Herman Groenewegen wrote this cycle of 24 piano preludes between December 2012 and May 2013. He’s a self-taught pianist and composer, his formal teaching only in flute performance. His real teaching, however, is in listening to past-masters like Bach, Chopin, Brahms, Rachmaninov, and Tchaikovsky.
That’s clear from the music. Groenewegen wrote the cycle in homage to Chopin, but many other composers keep popping in: the fifth prelude’s huge, expansive, strangely optimistic chords call to mind Brahms, while the first prelude has the nervous lyrical energy of Rachmaninov’s preludes. No. 3 sounds a little jazzy, or maybe like an English folk dance as transcribed by Malcolm Arnold. No. 8 is like a youthful Chopin mazurka. There are more than a few references to baroque forms and Bach: No. 13 is for left hand alone and clearly based on the cello suites.
If the musical language all sounds very old, it is. These preludes are centered on quality old-fashioned tunes, with hardly any dissonance at all, and no reference to the darker advances of twentieth century style. They don’t even approach the melancholy harmonic strangeness of most Chopin.

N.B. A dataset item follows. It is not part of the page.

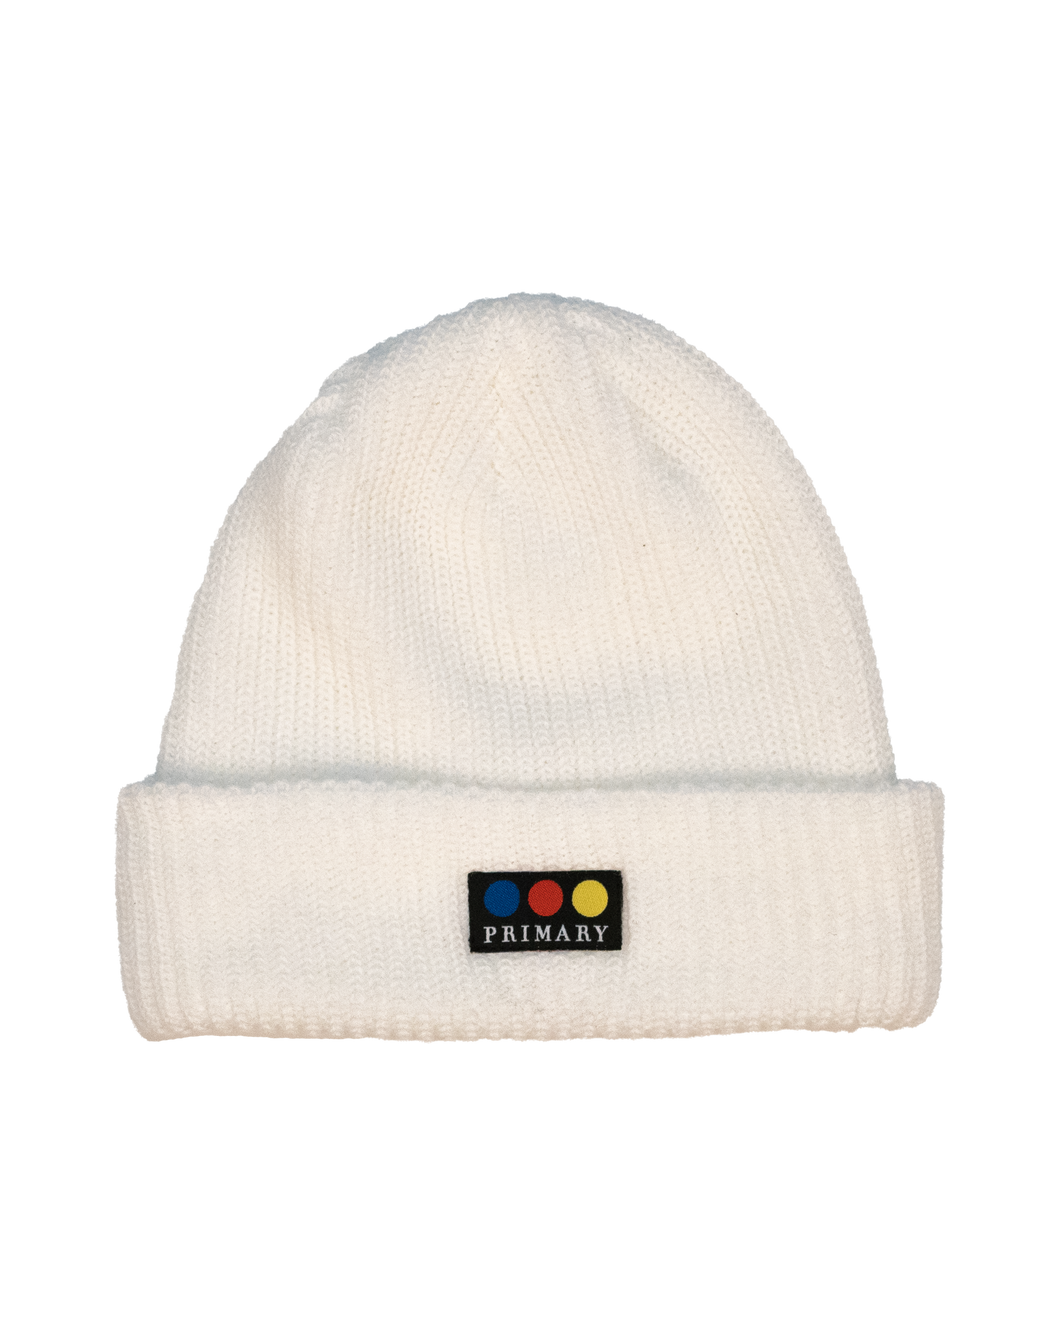 Primary skateboards - Watchman Ribbed Beanie in White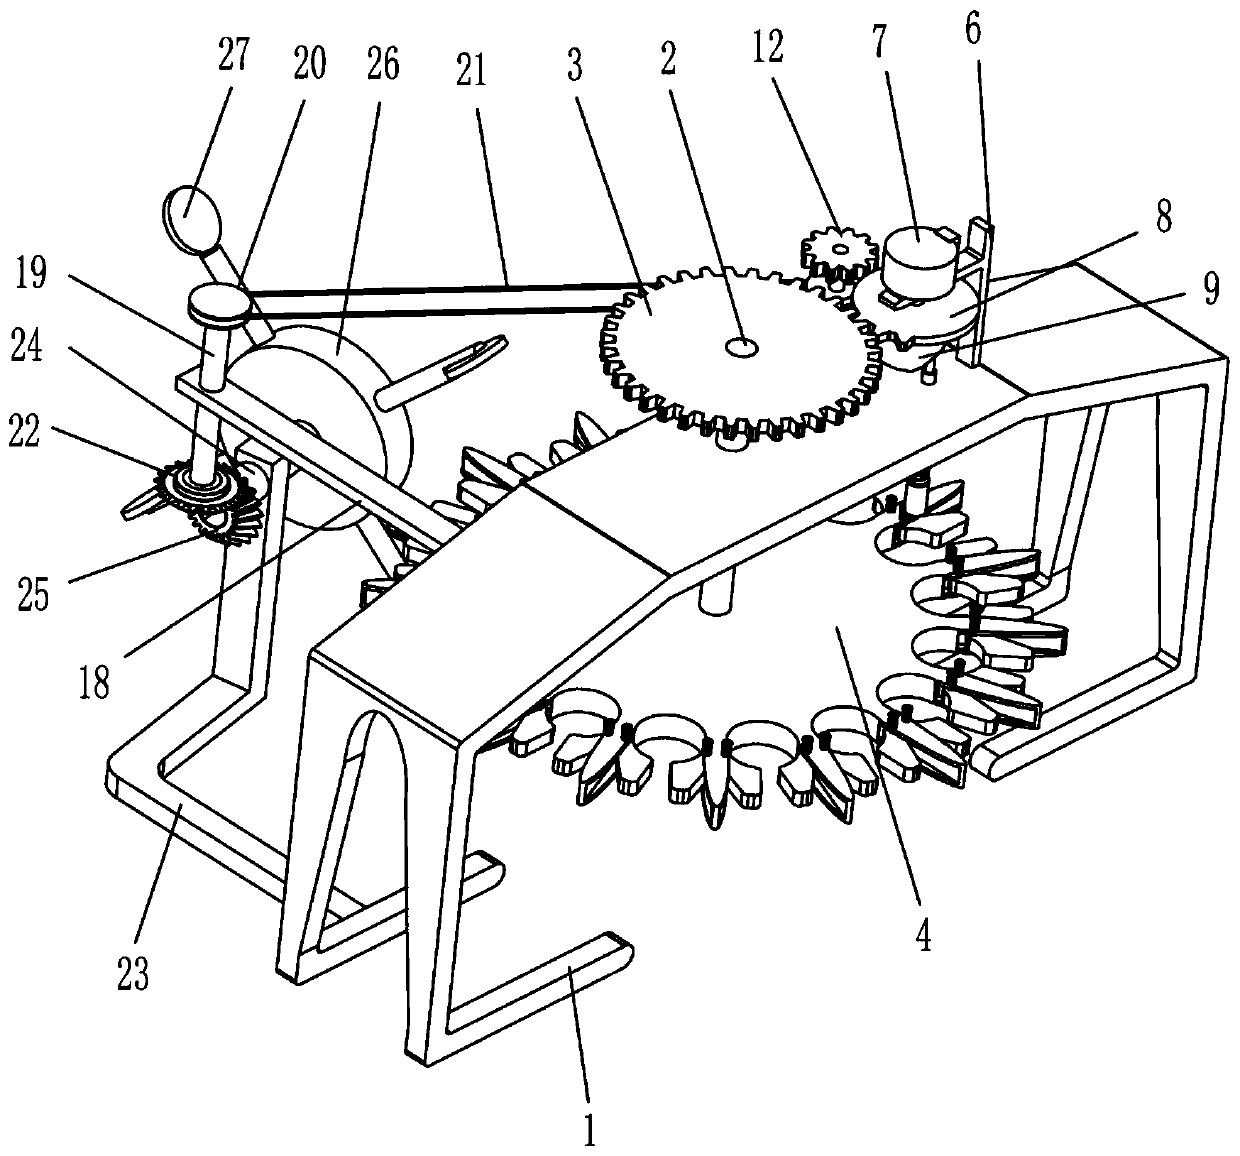 Bell pepper seed removing device

What’s new is hearing all those old voices together, in such rapid succession. Herman Groenewegen has seemingly digested all music history until 1905, and then mixed it together to produce these miniatures. Although many are in minor keys, they are not particularly threatening or emotional.
The booklet notes are entirely in Dutch, but
the website is available in English, and includes samples of each track. You have the option to purchase the disc or the sheet music (PDF), which is cheaper. Groenewegen is encouraging home performance, since this is within reach of most fairly talented home pianists. The disc is well-performed by Andrew Clark, certainly enough to give you a very good idea of the music at its best, and very professionally engineered too.
Ultimately you must decide if this music is for you. If you want something nice to practice at home, this is a great option. If you wish people still wrote the way that Bach, Weber, Moszkowski and Anton Rubinstein did, then your wish is granted. If you need something with the emotional depth, challenges or strange languages of Scriabin, the modernists or even Chopin himself, look elsewhere.